The meeting with a party from Associação Chapecoense de Futebol (ACF), including current player Alan Ruschel and the now retired Jakson Follmann, took place after the Pontiff’s weekly general audience in St Peter’s Square today. The other player to survive, Neto, was not in attendance.
The charter flight carrying the ACF team was headed from Bolivia to Colombia for the 2016 South American Cup finals. The crash, caused by an exhausted fuel supply, killed 71 of the 77 passengers, which also included coaching staff, journalists and guests.
The Pope blessed the surviving players, and he greeted and hugged family members of the deceased and the team’s current players. David Plinio de Nes, team president, told Vatican Radio that “Pope Francis has let us feel his love since the tragic moment of the plane accident” and has given them the strength to go on.
During the audience, Pope Francis said that God wants people to live with hope and joy – not bitterness – and to dream with him of a better world.

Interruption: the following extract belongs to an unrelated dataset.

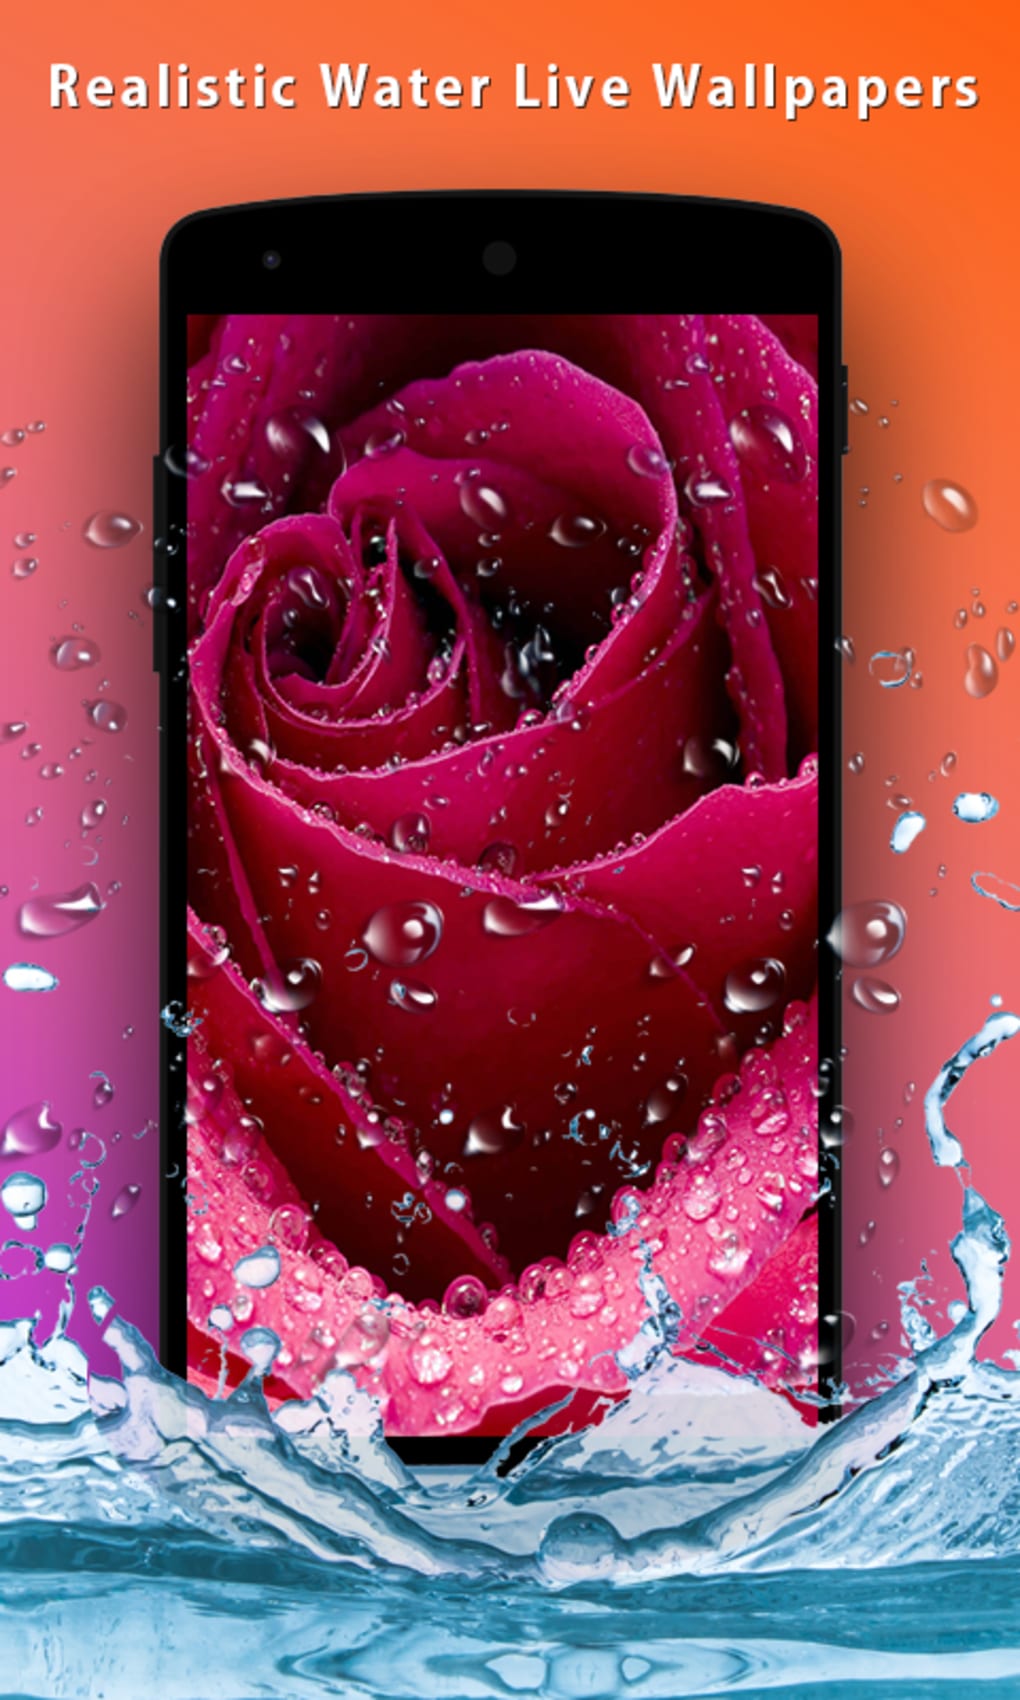 Tải 3D Rose Live Wallpaper cho Android, Ứng dụng hình nền động 3D cho

“Please, make sure we do not pay attention to disappointed and unhappy people; let us not listen to those who cynically plead not to cultivate hope in life,” he said Aug. 30 during his weekly general audience.
Christians, he said, must cultivate a “healthy utopia” based on what God wants for the world.
“God wants us to be able to dream like he does and, with him as we journey, to be quite attentive to reality – dreaming of a different world,” he said.
Continuing his series of audience talks on Christian hope, the Pope reflected on a reading from the Gospel of St. John (1:35-43), which describes how the first disciples heard of Jesus and wished to follow him.
Jesus asked the first two men, “What are you looking for?” because he sensed a healthy restlessness in their young hearts, Pope Francis said.
In fact, the Pope said, young people who are not seeking something or looking for meaning in life “are not young, they have gone into retirement, they have aged before their time. It’s sad to see young people in retirement.”
Throughout the Gospels, he said, Jesus responds to the people he meets along the way; he is like an “arsonist,” the pope said, setting people’s hearts ablaze.
The intense joy Jesus ignites in those he encounters is the wellspring of every vocation, the Pope said, whether it be marriage, consecrated life or the priesthood.
In that first encounter, Jesus “gives us new joy and hope and leads us – even through trials and difficulties – to an ever-fuller encounter with him and fullness of joy.”
Jesus doesn’t want people who walk reluctantly behind him, the Pope said. “Jesus wants people who have experienced that being with him gives immense joy that can be renewed each day in life.”
Any disciple who does not carry joy in his or her heart “does not evangelize in this world.”